As the Tribunal explained, “The employer’s business ceased two months before the March 2012 CM decision at issue.” With the employer no longer operating and not participating in the proceeding, the potential for prejudice to the employer’s interests appeared minimal.

In addition, the Vice-Chair took into account the fact that W. was self-represented at the time of the original decision and objection period. Without professional guidance, the worker may have misunderstood the right to appeal and the process for lodging an objection. The decision states: “I accept the worker’s explanation, noting that the worker was self-represented … My review of the WSIB file memoranda … does not show any recorded discussions … explaining the March 2, 2012 decision or the appeals process.” The Tribunal found it plausible that the worker simply did not comprehend that there were legal pathways to challenge the Board’s conclusions.

‘Arguable case’

Another factor weighing in W.’s favour was the presence of “an arguable case.” While the Tribunal was clear that it was not addressing the underlying entitlement issues at this stage, it acknowledged that from the worker’s perspective, the matter—an alleged ongoing impairment—warranted consideration.
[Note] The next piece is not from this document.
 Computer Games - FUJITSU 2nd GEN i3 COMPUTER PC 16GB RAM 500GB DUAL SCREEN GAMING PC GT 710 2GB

The decision states, “Based on my review of the worker’s affidavit and the WSIB file … I find the worker has an arguable case for his appeal.” The presence of a potentially meritorious issue supported the Tribunal’s inclination to allow the late objection.
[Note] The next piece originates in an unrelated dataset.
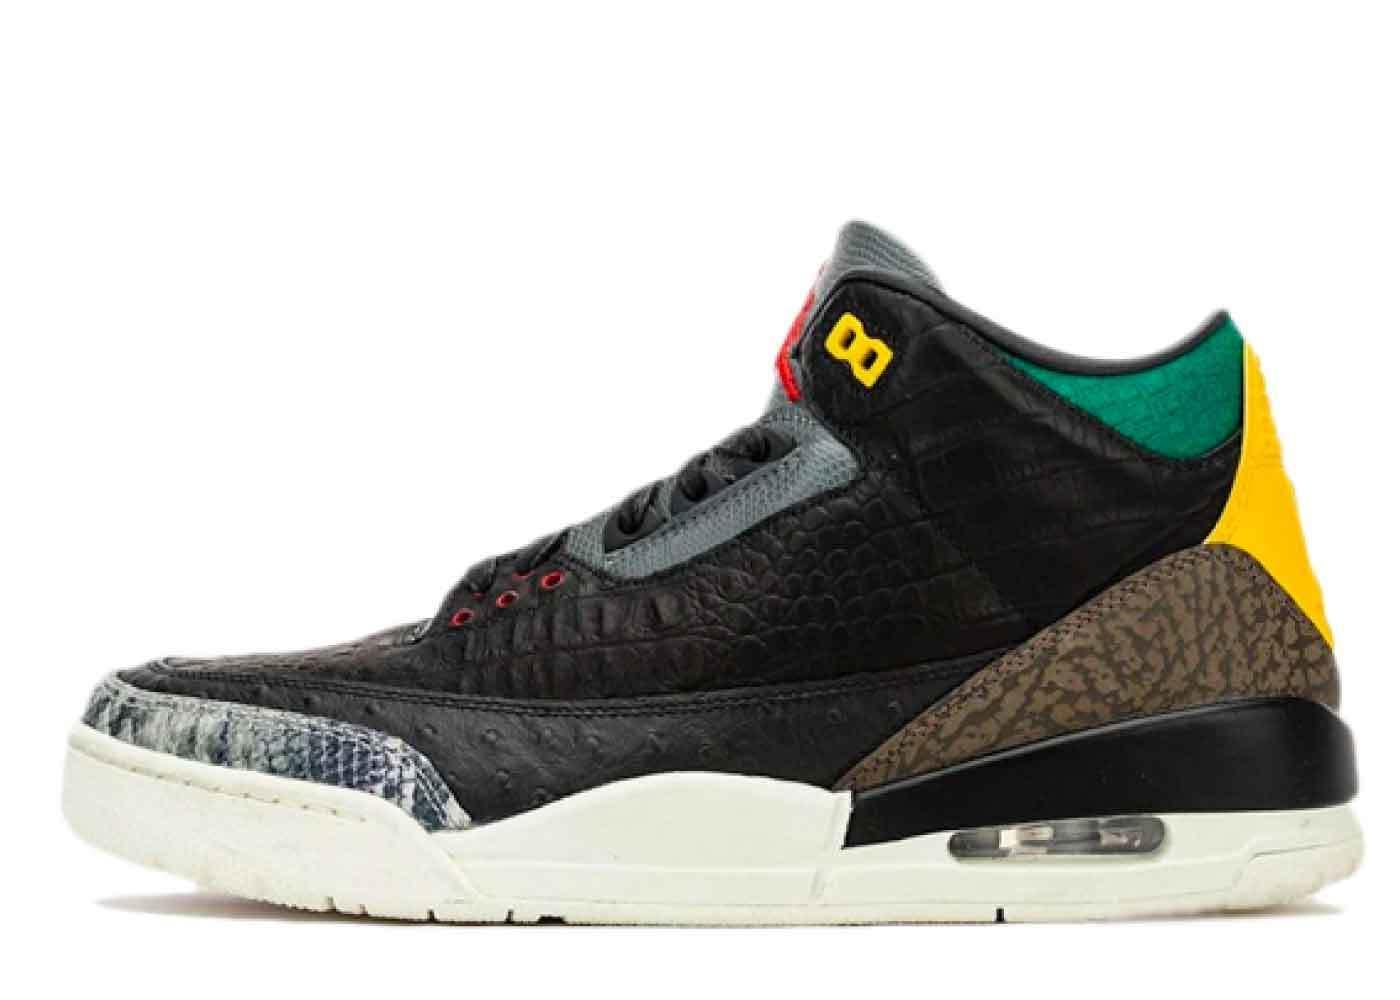 Nike Air Jordan 3 Retro SE QS Animal Instinct 2.0の写真

Constitutional and human rights questions

Alongside the main procedural issue, W. had also filed a Notice of Constitutional Question and a Notice of Human Rights Question, both challenging the application of WSIA section 120 and alleging conflicts with the Charter of Rights and Freedoms and the Human Rights Code. The Tribunal, however, declined to address these arguments. Its practice direction requires first resolving the time extension matter on conventional grounds — here, the statutory framework and policy considerations — before moving on to constitutional and human rights claims. Since it decided to grant the extension, the need to weigh in on the constitutional and human rights questions fell away. In the words of the decision, “Since I have allowed the worker’s appeal on the time extension issue … it is not necessary to decide the Charter and Human Rights issues.”

Not precedent-setting

In granting the extension, the Tribunal did not describe the ruling as precedent-setting. Rather, it applied a careful, fact-driven analysis that considered the available evidence and the unique circumstances of the case. The decision underscores that granting a time extension is unusual when a delay lasts for so many years, but it is not impossible. Even after the passage of nearly a decade, the Tribunal determined that the original claim could be fairly reviewed.

In the end, the Tribunal allowed W.’s request for a time extension to object. With that, the worker will have the opportunity to revisit the original claim decision — long after it was initially pronounced — under the applicable legislation and WSIB policy.